The implications are becoming increasingly dangerous for other asset classes. Equities have managed to ignore higher yields for months thanks to AI enthusiasm and resilient earnings. But a risk-free rate approaching 5% changes the valuation equation dramatically. At the same time, soaring Treasury yields are acting like a global vacuum cleaner for capital, sucking money back into Dollar assets and placing enormous strain on emerging market currencies and global liquidity conditions. The Indian Rupee’s collapse to record lows is looking less like an isolated event and more like an early warning sign.
Technically, the next key focus for 10-year yield is 100% projection of 3.96 to 4.48 from 4.23 at 4.75. That level now represents a major near-term line in the sand.

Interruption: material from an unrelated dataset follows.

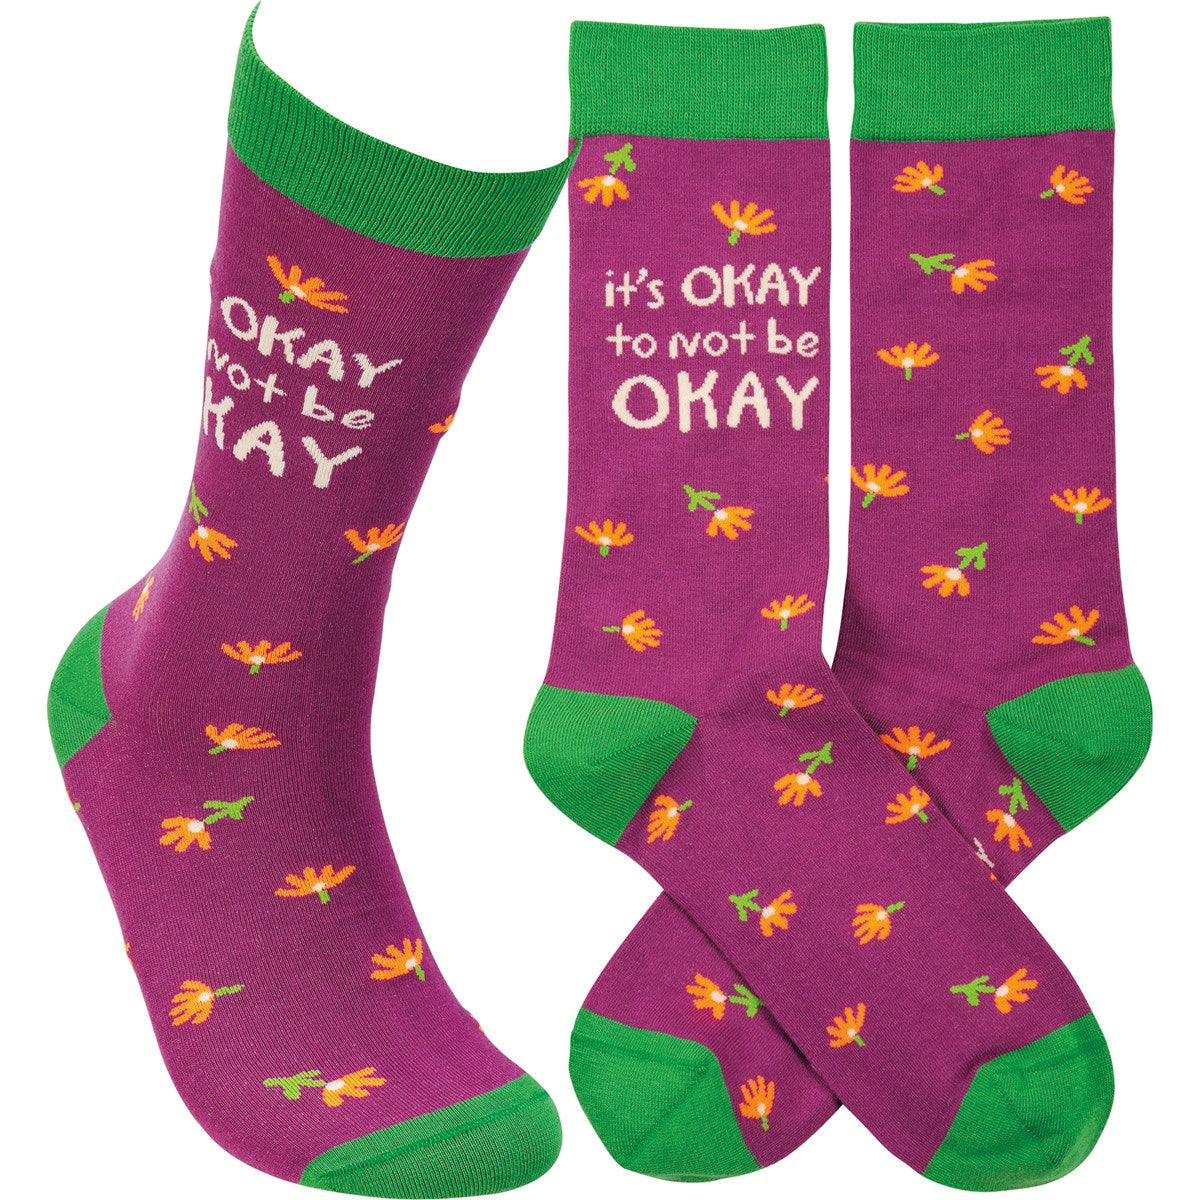 Socks - "It's Okay To Not Be Okay"

Decisive break above 4.75 could quickly accelerate the move toward 161.8% projection at 5.07, a level dangerously close to the multi-decade highs seen in 2023 and one that could significantly intensify pressure across equities, currencies, and global financial conditions more broadly.
For now, near-term bias remains firmly to the upside as long as 4.48 resistance-turned-support continues holding on any pullback.
China’s PBoC Holds Key Lending Rates Steady as Policymakers Avoid Rush to Ease
The People’s Bank of China left its benchmark lending rates unchanged in May, extending its policy pause to a full year as authorities signaled little urgency to deliver additional monetary easing despite slowing domestic momentum. The 1-year loan prime rate was held at 3.00%, while the 5-year LPR, widely used as a reference for mortgage pricing, remained at 3.50%, matching market expectations.
The decision highlights Beijing’s cautious approach toward broad-based stimulus. Although recent Chinese data have shown renewed weakness in consumption, investment, and lending demand, policymakers appear comfortable maintaining current settings for now. Interbank liquidity conditions remain ample, while the tone of the PBoC’s latest quarterly report suggested officials are still prioritizing financial stability and measured policy support over aggressive easing.
The cautious stance also reflects the increasingly difficult external environment. Rising global energy prices and ongoing geopolitical tensions are complicating policy decisions across Asia, while rate cuts could add pressure on the Yuan at a time when Dollar strength and higher US yields are already tightening global financial conditions.
Fed’s Paulson Says It’s “Healthy” for Markets to Consider Further Tightening
Philadelphia Fed President Anna Paulson signaled support for keeping interest rates steady while also validating market expectations that rates could remain elevated for much longer than previously anticipated.
Speaking on Tuesday, Paulson also welcomed the recent shift in market pricing away from aggressive rate-cut expectations. “The way the market has moved in reaction to economic news over the last few months largely aligns with my own thinking,” she said. While emphasizing that policy was currently “in a good place,” Paulson added it was “healthy” for investors to consider scenarios where rates remain unchanged for an extended period, “as well as scenarios where further tightening becomes necessary.”
Still, Paulson did not suggest the Fed was preparing to hike imminently, noting that longer-term inflation expectations remain relatively well anchored and growth continues near potential. Markets continue expecting the Fed to keep rates unchanged at the June meeting, though officials increasingly appear comfortable allowing investors to price a much more restrictive policy path than markets expected earlier this year.